Wilks' theorem when dimension of submodel is not well defined

Question

Suppose $\{f(\cdot,\theta) : \theta \in \mathbb{R}^p\}$ is a statistical model satisfying the conditions for Wilks' theorem, and that we have a hypothesis test of the form: $$H_0: \theta_p >0$$ $$H_1: \theta \in \mathbb{R}^p$$

Clearly, $H_0$ is a submodel of $H_1$ but it's dimension is not well defined. Does Wilks' theorem still apply and if so, how many degrees of freedom does the asymptotic $\chi^2$ distribution have?

If not, are there other asymptotic results that can be used instead?

Answer 1

Wilks' theorem basically says that any problem of this sort behaves asymptotically like a Gaussian location parameter, so let's look at a Gaussian location parameter for simplicity. Life is also simpler if you make the null $\theta_p\geq 0$ rather than $\theta_p>0$, so it's a closed subset (otherwise there may not be a constrained MLE under the null).

Start with $p=1$. We have $X\sim N(\mu,1)$ and we're testing the null $\mu>0$ vs the unrestricted alternative. The -2 log likelihood ratio (up to constants) is the residual sum of squares under the alternative ($D_A=\sum_{i=1}^n (X_i-\bar X)^2$) minus the same thing under the null ($D_0=\sum_{i=1}^n (X_i-\hat\mu)^2$, with $\hat\mu = \max (\bar X,0)$).

The distribution of $D_A-D_0$ under $\mu=0$ is $\chi^2_1$ if $\hat\mu<0$ and 0 (which you can think of as $\chi^2_0$) if $\hat\mu\geq 0$, so the overall distribution is $\frac{1}{2}\chi^2_1+\frac{1}{2}\chi^2_0$

With $p=2$ the same thing happens only more complicated. Each element of $\hat\mu$ is the corresponding element of $\bar X$ if that's positive, and otherwise is zero. Conditional on which quadrant $\bar X$ ends up in, the distribution of $D_A-D_0$ is $\chi_2$.

• If $\bar X$ is in the (+,+) quadrant, then $\hat\mu=\bar X$ and $D_A-D_0=0$.
• If $\bar X$ is in the (+,-) quadrant, then $\hat\mu=(\bar X_1, 0)$ and $D_A-D_0\sim\chi^2_1$.
• If $\bar X$ is in the (-,+) quadrant, then $\hat\mu=(0,\bar X_1)$ and $D_A-D_0\sim\chi^2_1$.
• If $\bar X$ is in the (-,-) quadrant, then $\hat\mu=(0,0)$ and $D_A-D_0\sim\chi^2_2$.

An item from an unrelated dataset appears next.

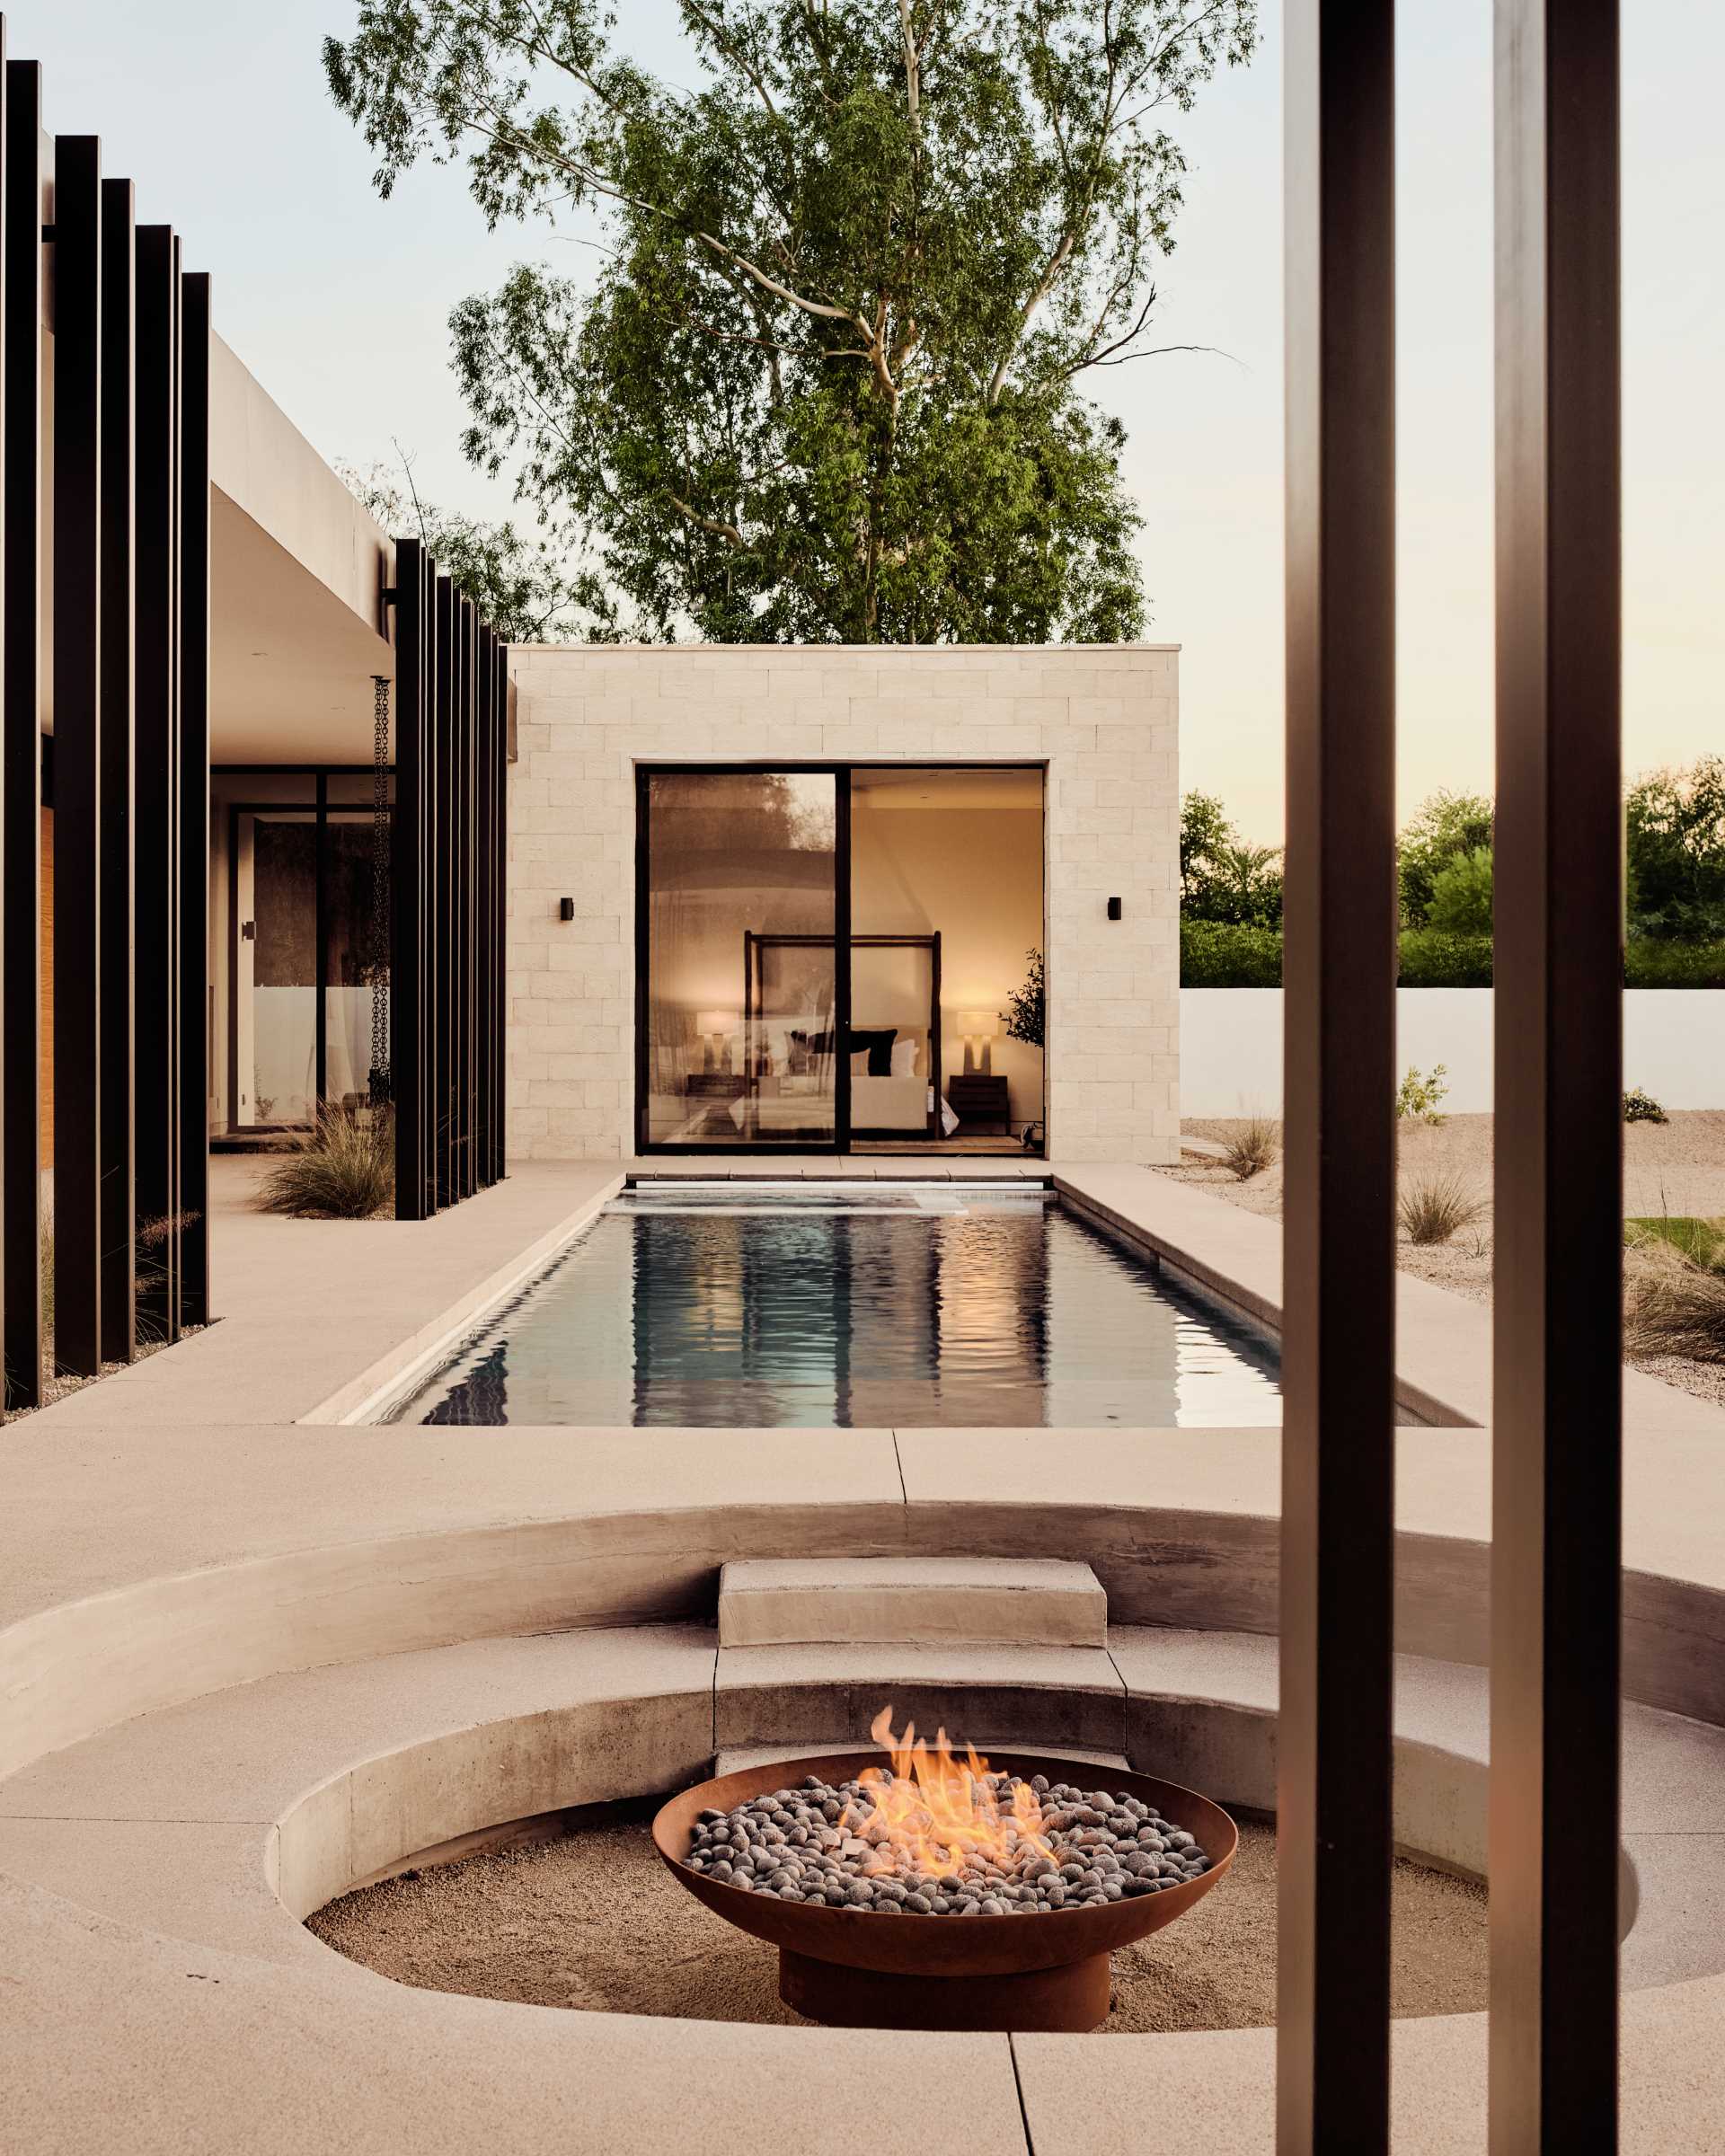 Between the pool and covered patio is a circular sunken fire pit that provides an intimate gathering space.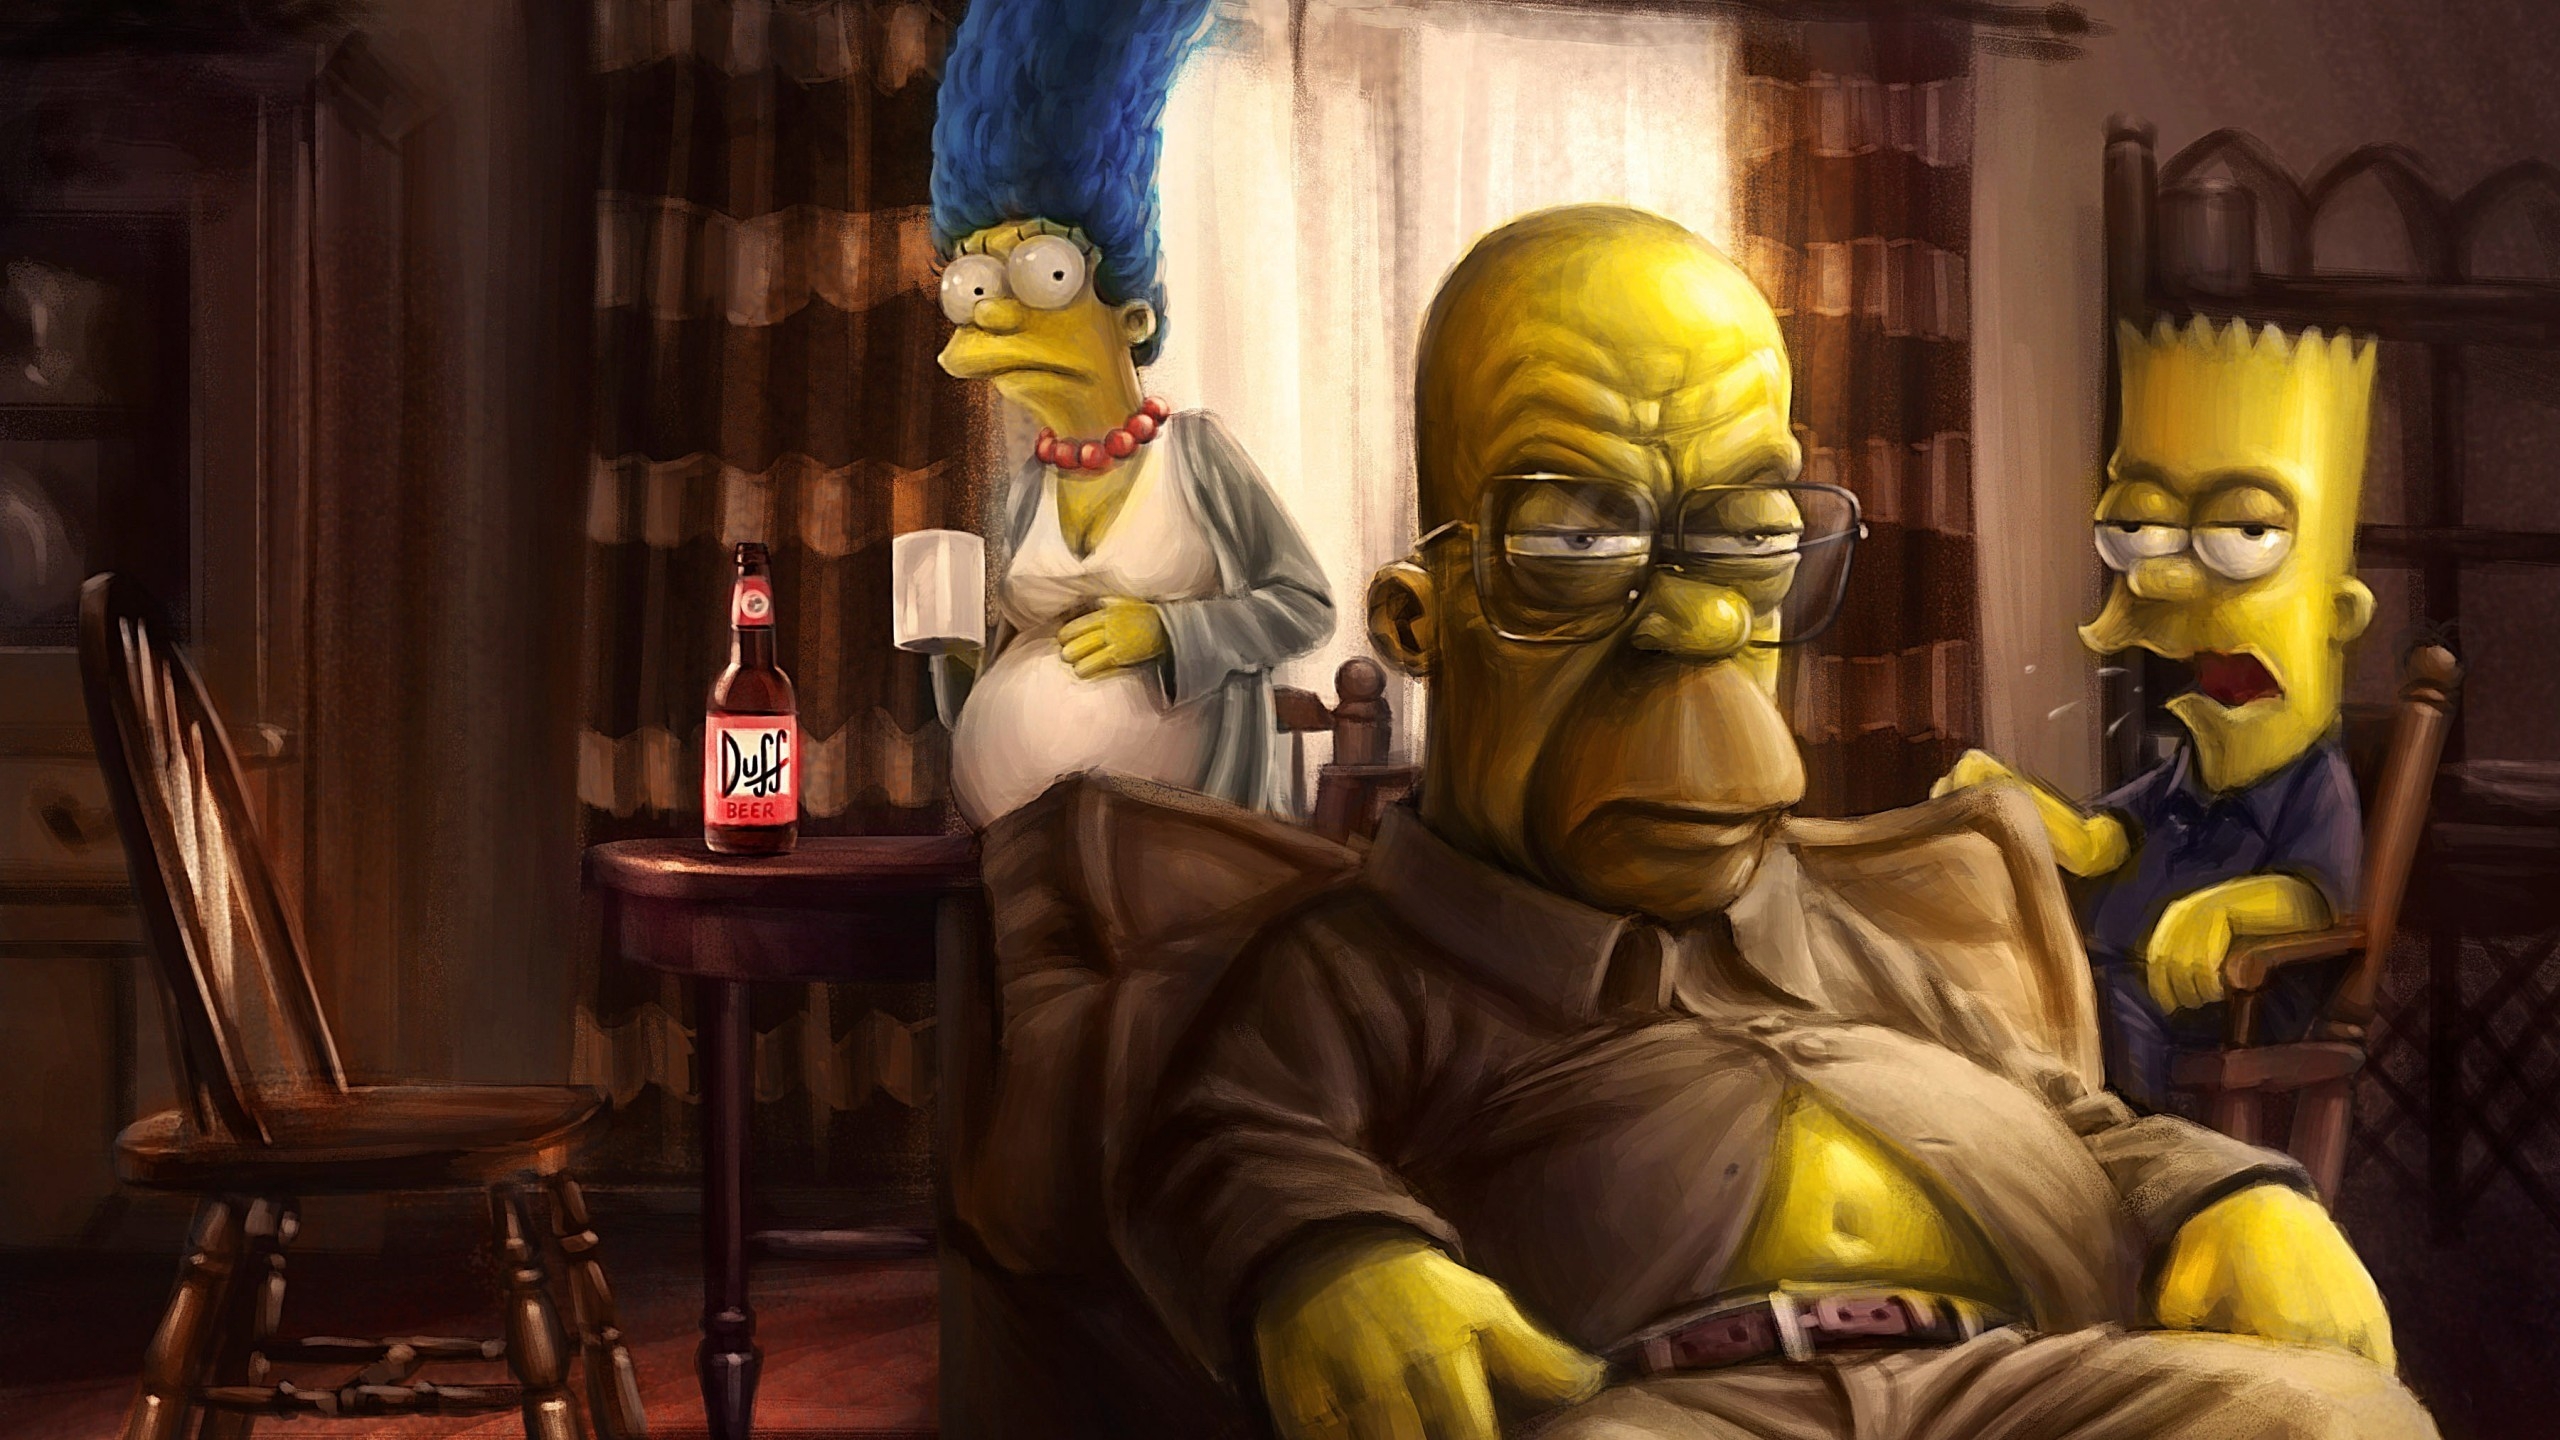 The Simpsons Breaking Bad for 2560x1440 HDTV resolution

So, $D_A-D_0\sim \frac{1}{4}\chi^2_2+\frac{2}{4}\chi^2_2+\frac{1}{4}\chi^2_0$, and you can see how the pattern will generalise.

You get similar asymptotics for null hypotheses that are other intersections of half-planes, though in general it need not be easy to work out the mixing probabilities. This goes back to Chernoff (1954) for likelihood ratio tests, with more work by Self and Liang (1987) and extensions to M-estimation by Geyer (1994).

A real example where the mixing probabilities need to be computed by simulation arose in my MSc thesis (Lumley, 1995) testing for constant disease risk vs decreasing risk with distance from a specified point.